The U.S. should double the amount of openings for foreign students at academies, war colleges, and advanced education courses. After 1991, openings were increased to accommodate students from Eastern Europe and former Soviet Republics. But more can be done. Costs for participating partners could be minimized by payments in kind, such as equal numbers of U.S. personnel assignment to partner educational institutions and staffs.
Creative improvements could be attempted, such as allowing partner nations to send newly enlisted personnel to American boot camps. In any event, it is my view that the current level of IMET funding and participation is not commensurate with the level of positive payoffs in furthering long-range security cooperation.
The Obama Administration has a chance to strengthen U.S. participation in international security cooperation and place it in the forefront of U.S. defense strategy, rather than as an adjunct. There are five (relatively) simple reforms to existing procedures that would greatly enhance the depth and benefits of security cooperation. In the case of technology transfer, these reforms would demonstrate trust in close partners and eliminate the additional expense and delay that appear to be inevitable results of the current decision-making process. But it would also acknowledge the reality that defense technology never stands still. In many defense acquisition programs, cutting-edge technology—that which really needs to protected—has moved on by the time the final products are fielded by partner nations.
There needs to be a balance between the desire for a high level of technology security and the implied treaty commitments to share modern technology with nations committed to mutual defense. Otherwise, we arrive at conditions similar to today: U.S. allies may not be able to effectively interact with modern U.S. combat units. Defense planners bemoan the fact that U.S. communication, command and control, computers, intelligence, surveillance and reconnaissance (C4ISR) capabilities have advanced so far beyond those of its partners, that it is difficult to share real time operational data with them. This situation makes some skeptical of the very value of allied or coalition participation in U.S.-led operations. But it is an inevitable result of America’s current approach to international security cooperation.
That approach needs to be reformed.
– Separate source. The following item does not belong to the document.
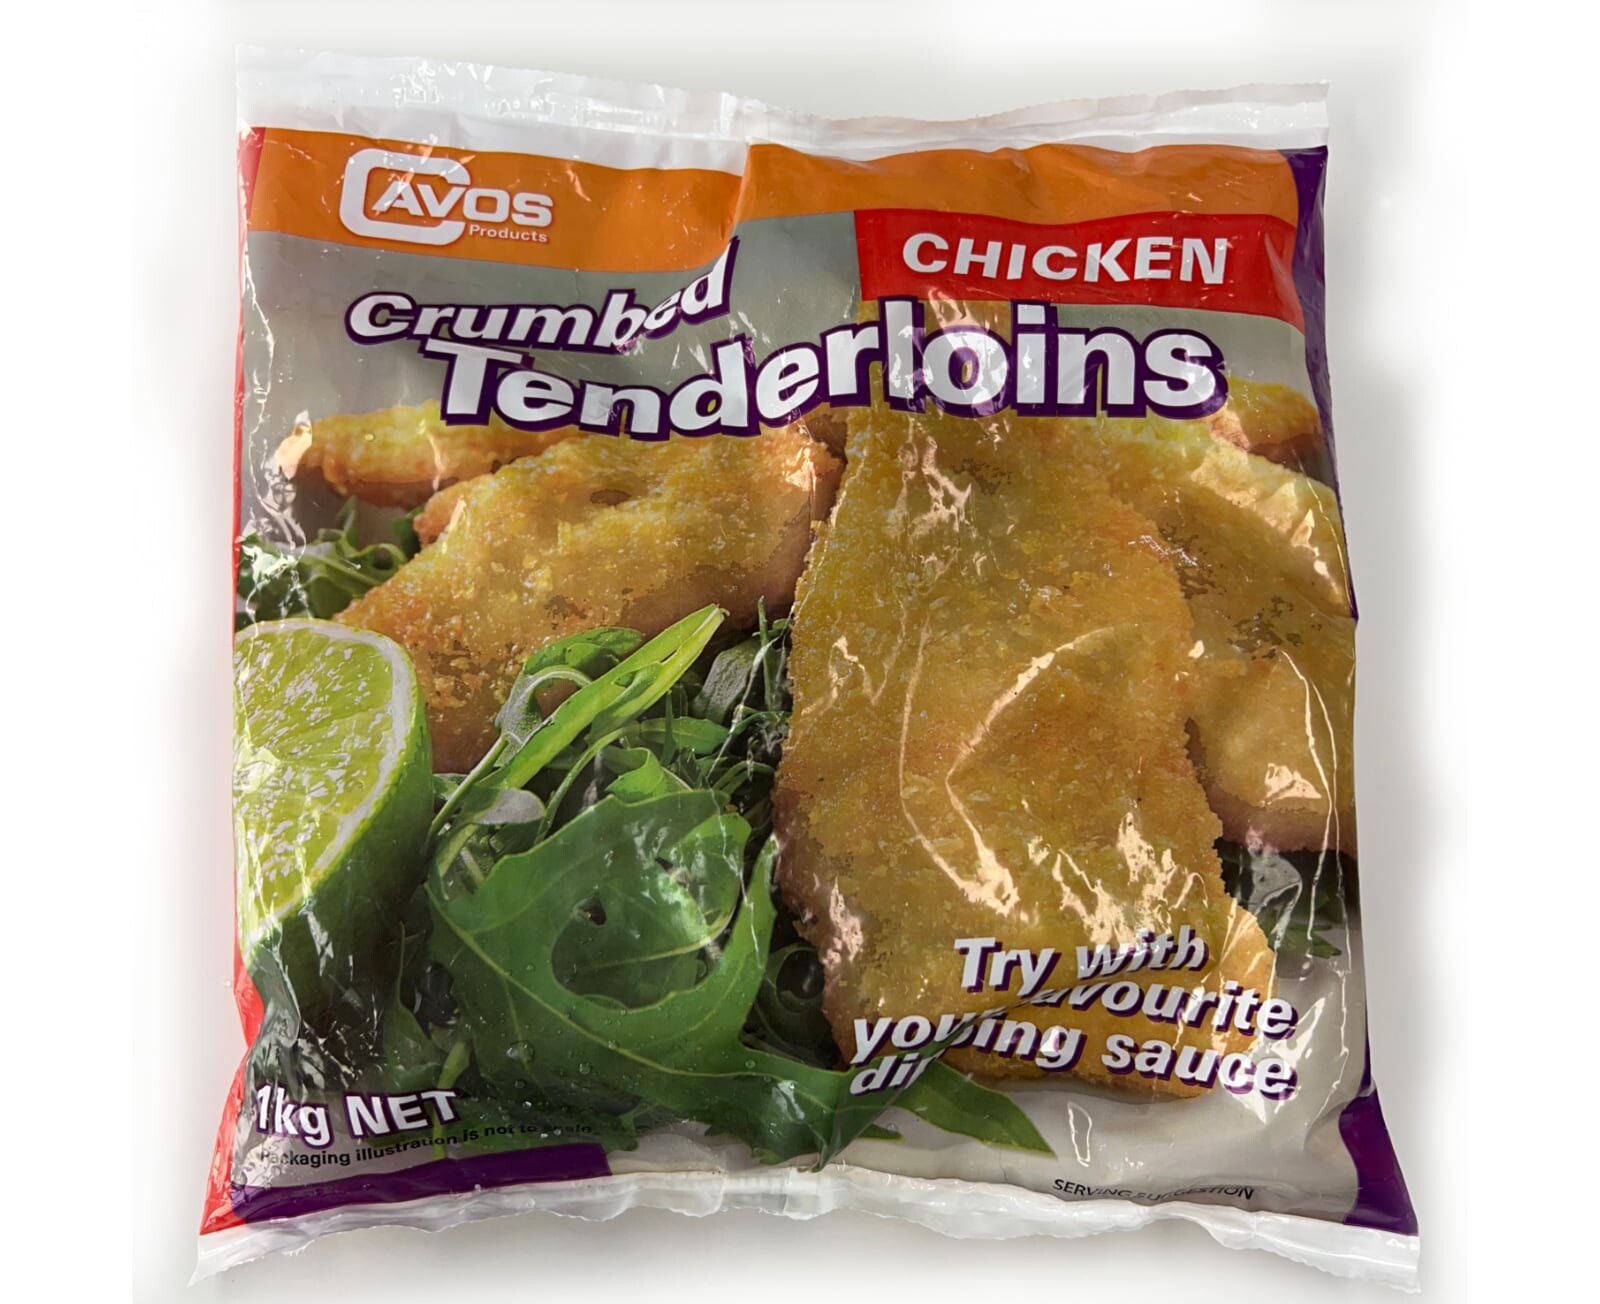 Cavos Products Crumbed Chicken Tenderloins
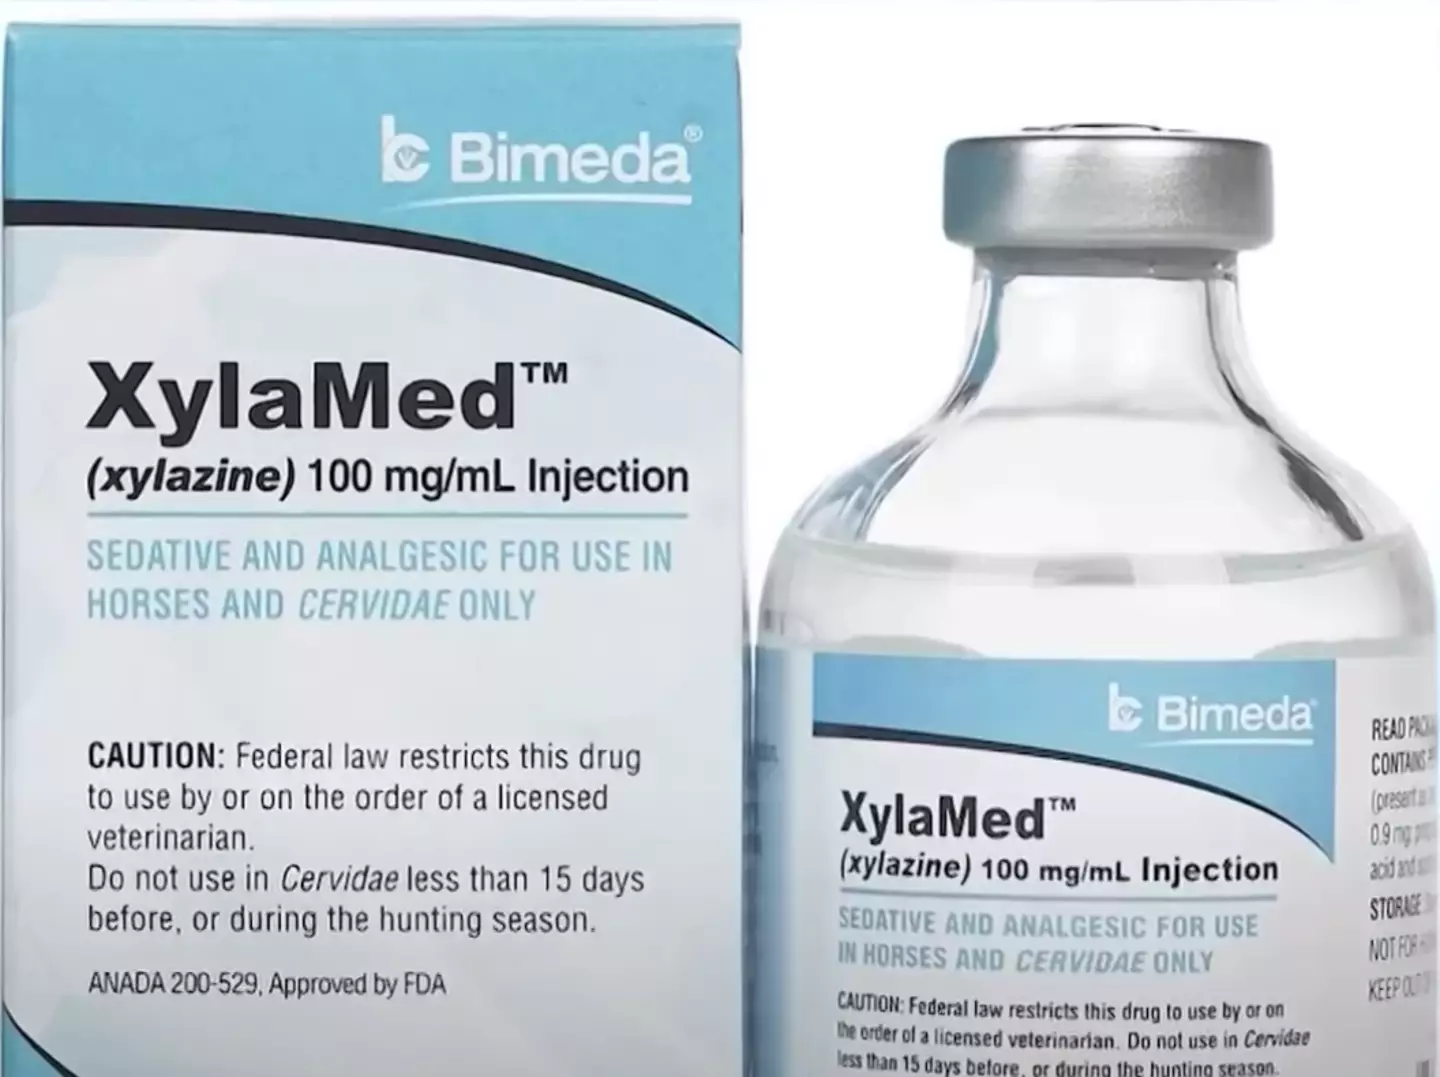 Xylazine is used as an animal sedative.

Even if the above suggestions prove too radical to implement, the U.S. government must take streamlining, establishment of fast tracks, and the elimination of bureaucratic delays in technology release and transfer seriously, not simply give it lip service. The simple change of tightly coordinating the convening of the numerous technology transfer approval committees, and establishing a firm timeline for that process would result in a significant reduction in delay and expense.
Even in a self-help international system, technology security itself has never won a war. Capable and committed allies have. If cooperative security is truly to be the mainstay of America’s strategic vision, we must “walk the walk.” Improvements in our approach to international security cooperation should be a priority for the Obama Administration.
Dr. Sam J. Tangredi is the Director of San Diego Operations for Strategic Insight LTD. A Captain, U.S. Navy retired from active duty, Tangredi’s last military assignment was as the first Director of the Strategic Planning and Business Development Directorate of the Navy International Programs Office. The views expressed are his own and do not necessarily reflect the corporate or official views of Strategic Insight or the U.S. Department of Defense.